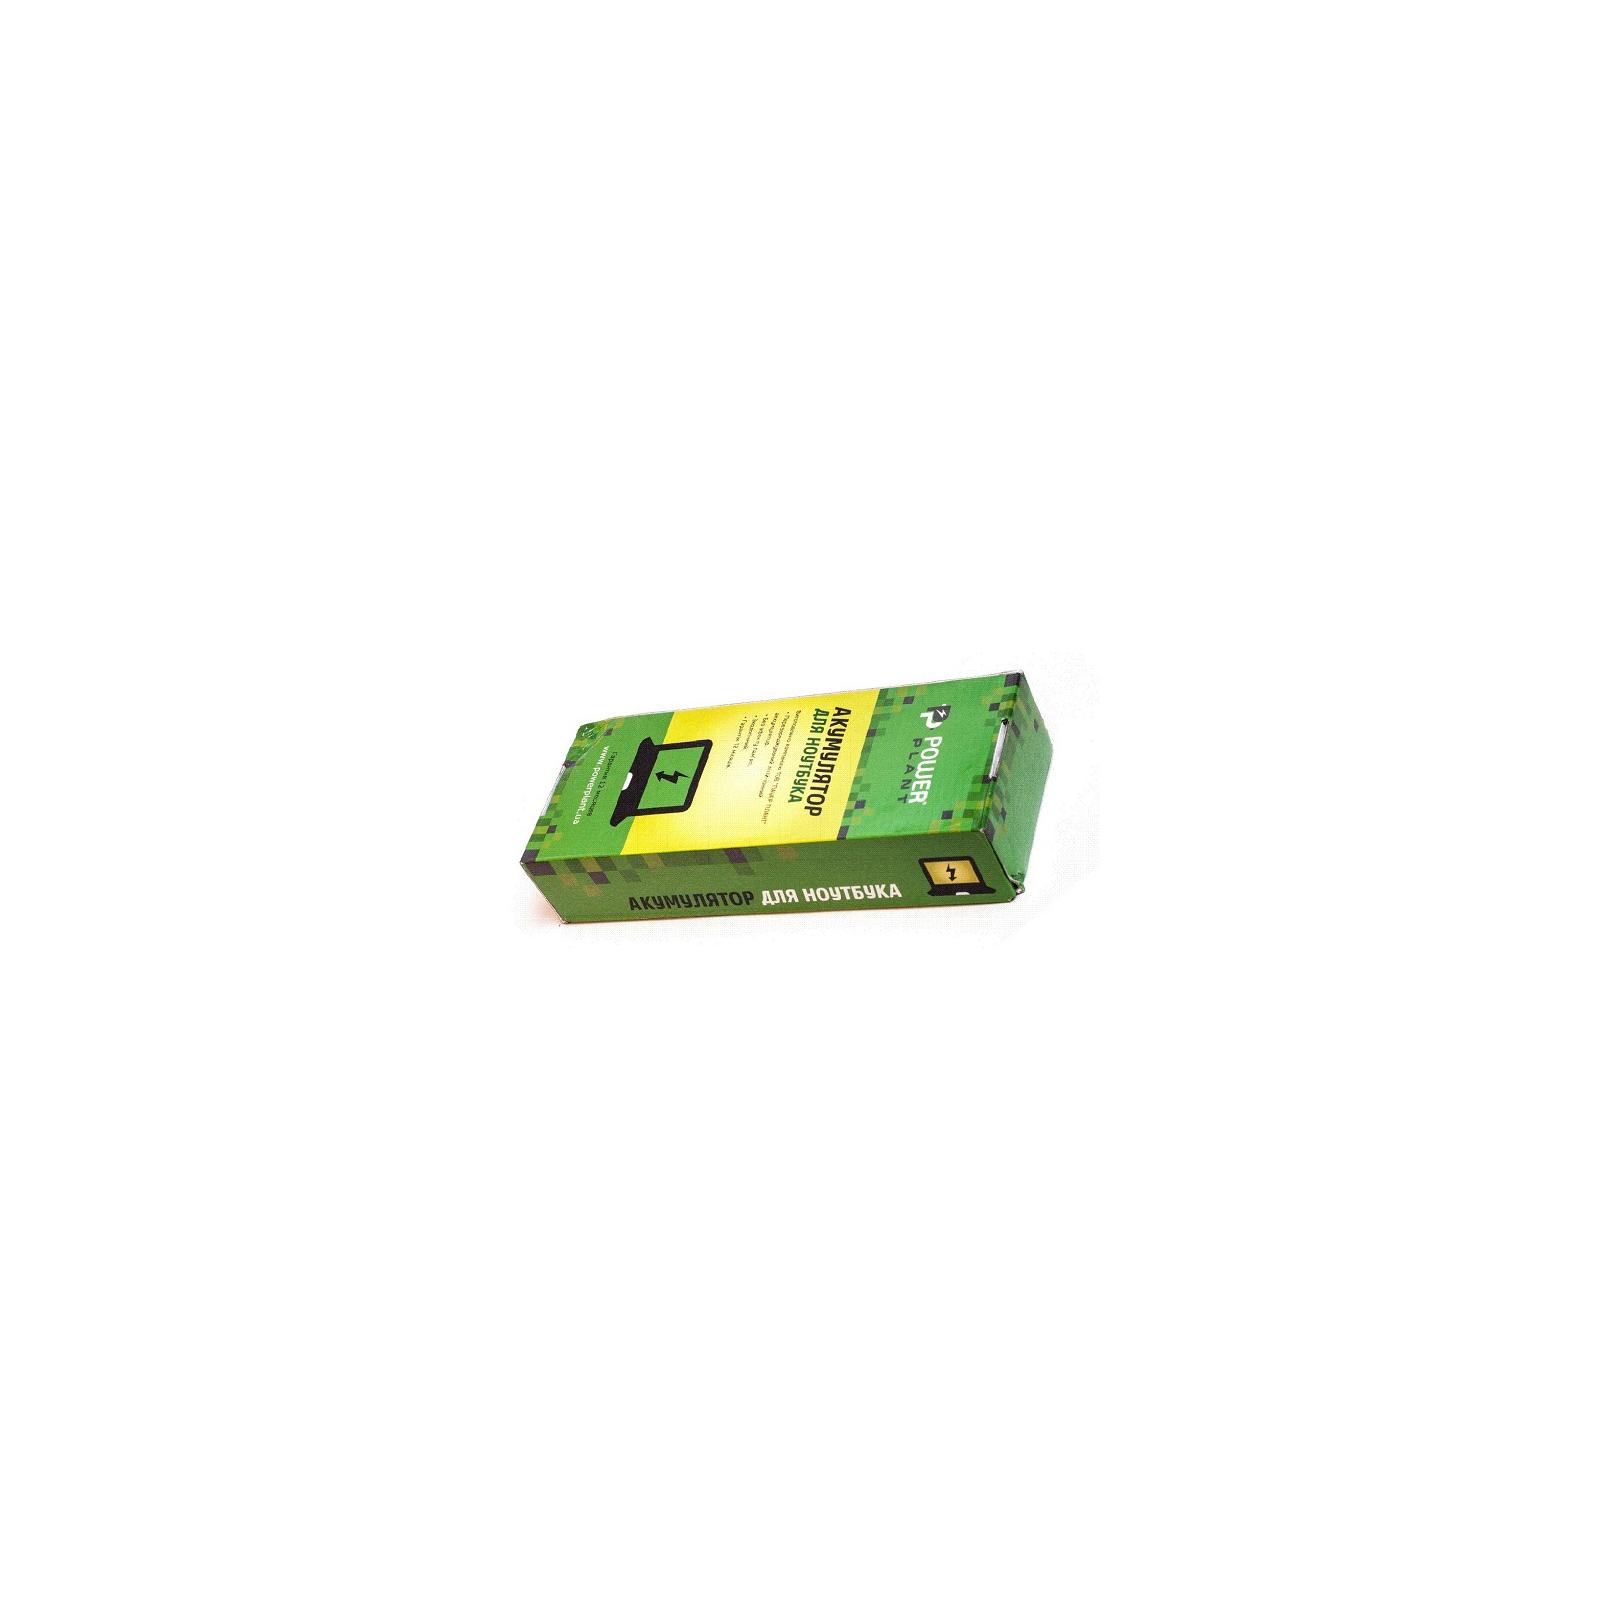 Аккумулятор для ноутбука HP 510-530 (HSTNN-IB45, H5530LH) 14.8V 5200mAh PowerPlant (NB00000125) изображение 3
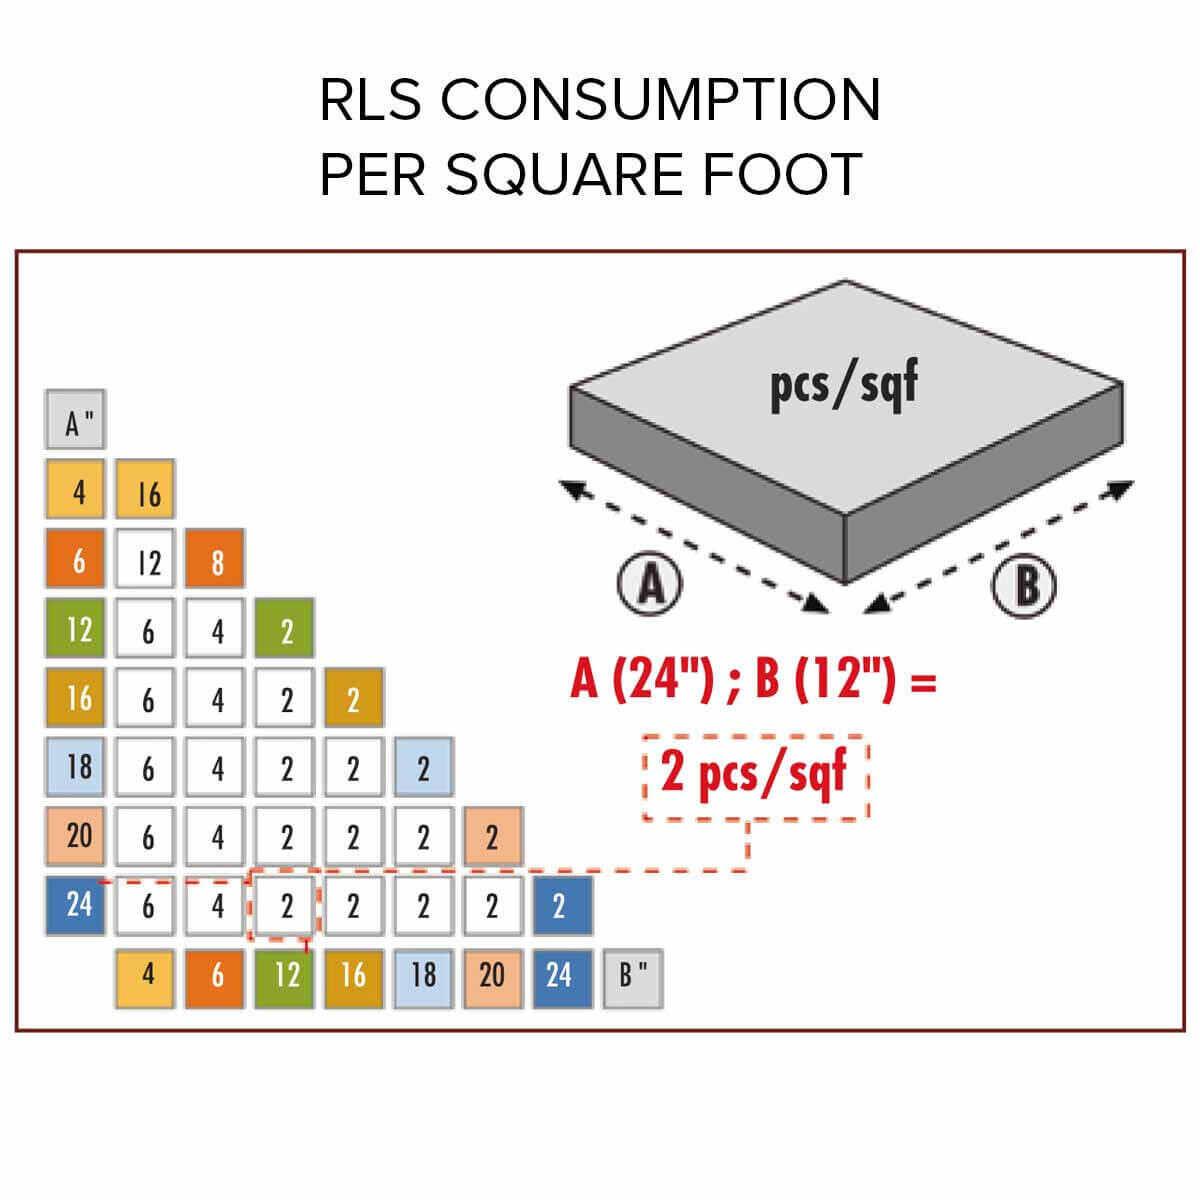 raimondi RLS chart lippage free installation per square foot
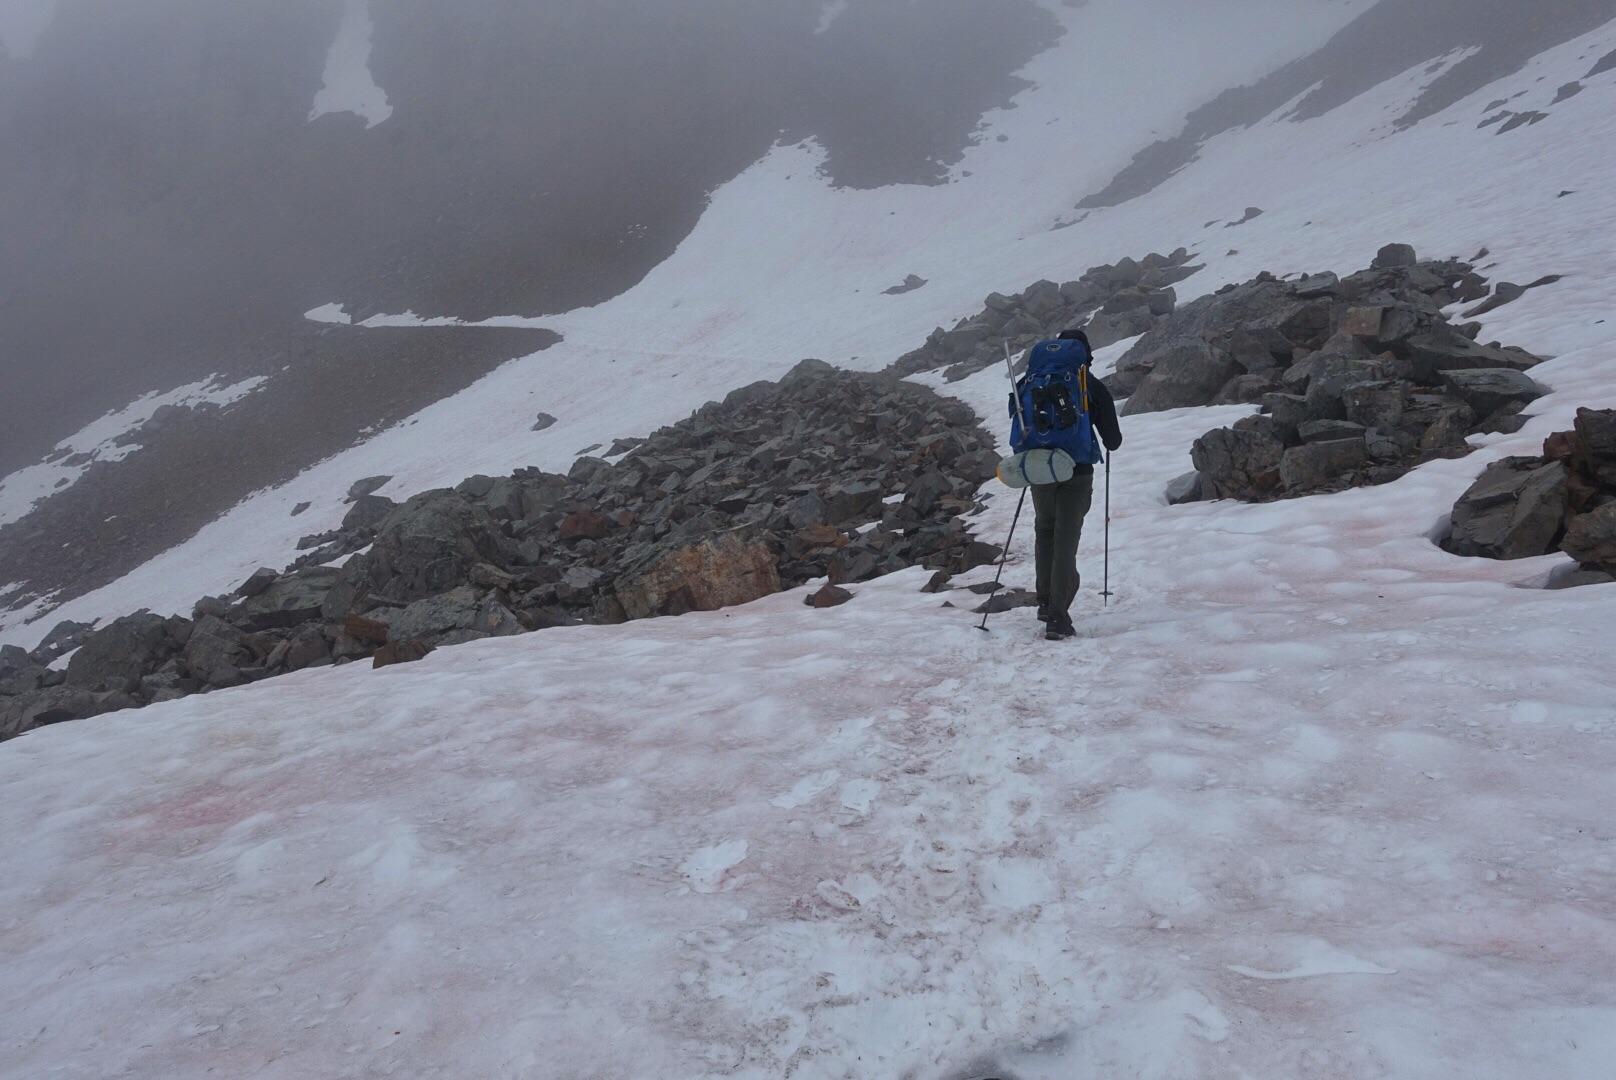 Andrew crossing one of many wet, misty snowfields south of Tatie Peak

→ Exercise instructions
The full data, repeated exactly and stripped of its pictures, is the expected answer.

→ Problem solution
 Аккумулятор для ноутбука HP 510-530 (HSTNN-IB45, H5530LH) 14.8V 5200mAh PowerPlant (NB00000125) изображение 3
 raimondi RLS chart lippage free installation per square foot
 Andrew crossing one of many wet, misty snowfields south of Tatie Peak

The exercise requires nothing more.